EXERCISE AIM. Scan the records beneath this line for the line holding "Dawn, East Mitten" and the line holding "Santini Forza Indoor Cycling Towel (Black)", then transcribe exactly those two and all lines between.

EXTRACTED DATA.
+---+

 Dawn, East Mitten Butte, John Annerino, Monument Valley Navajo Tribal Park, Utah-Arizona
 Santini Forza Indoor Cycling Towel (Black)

+---+

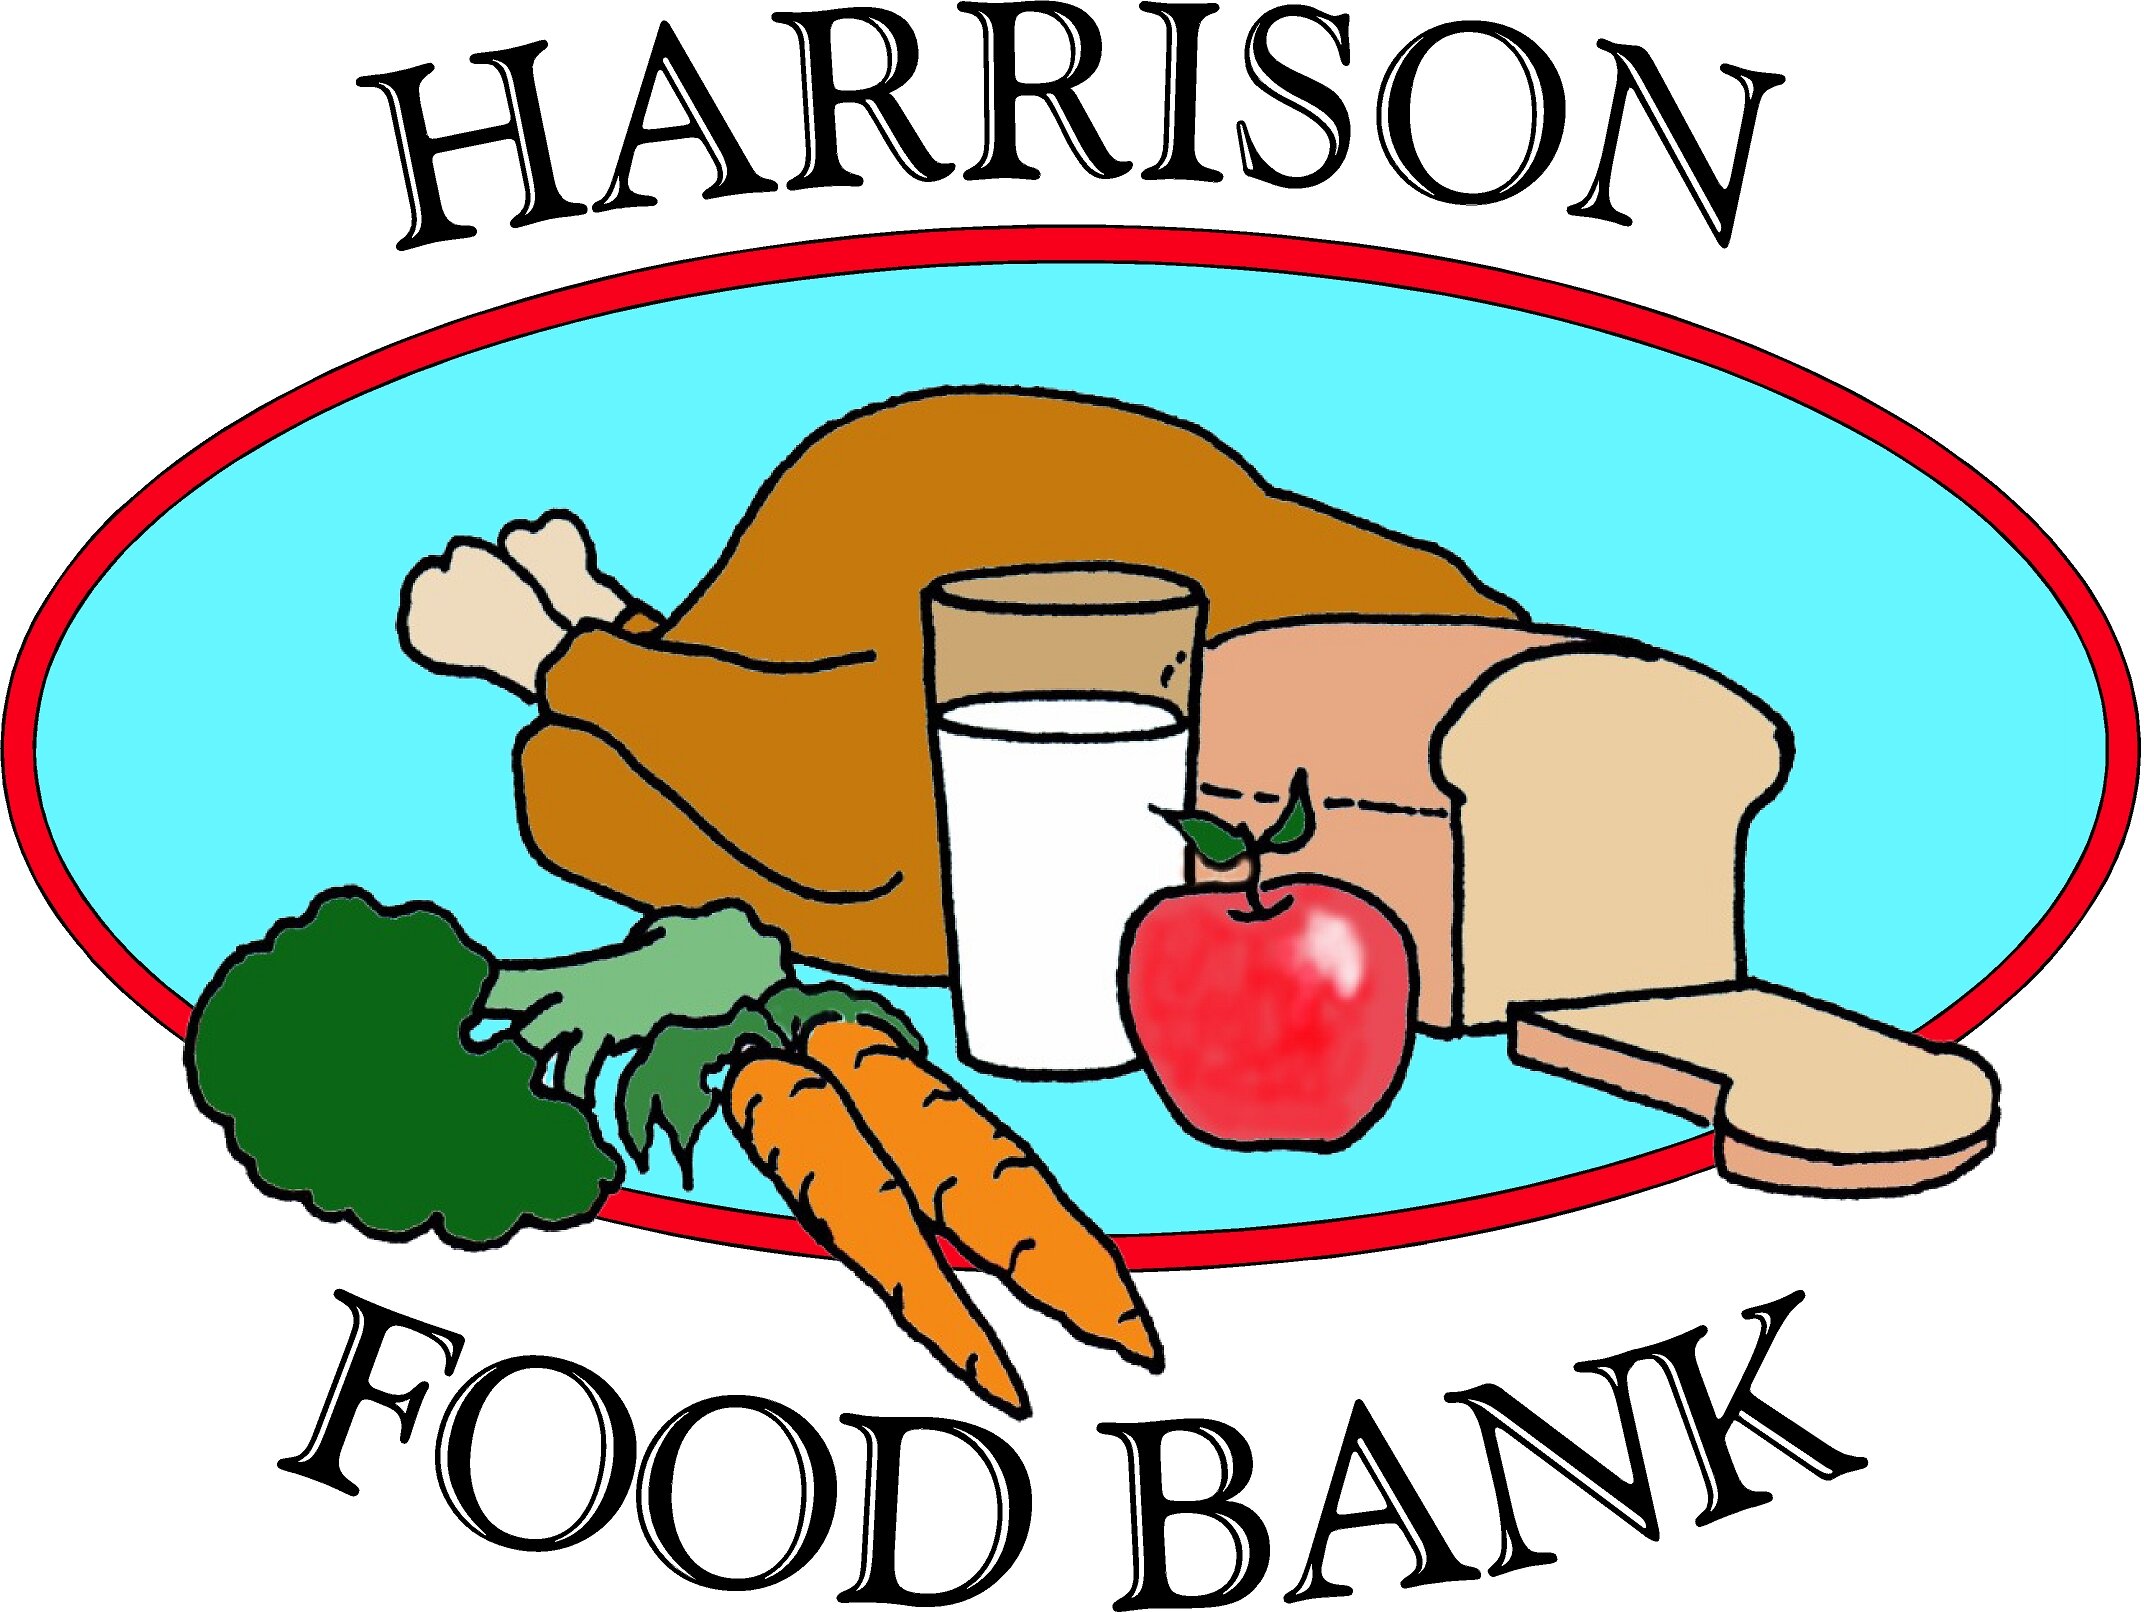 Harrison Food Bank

+---+

RESPONSE TO THIS TASK.
 Dawn, East Mitten Butte, John Annerino, Monument Valley Navajo Tribal Park, Utah-Arizona
 Santini Forza Indoor Cycling Towel (Black)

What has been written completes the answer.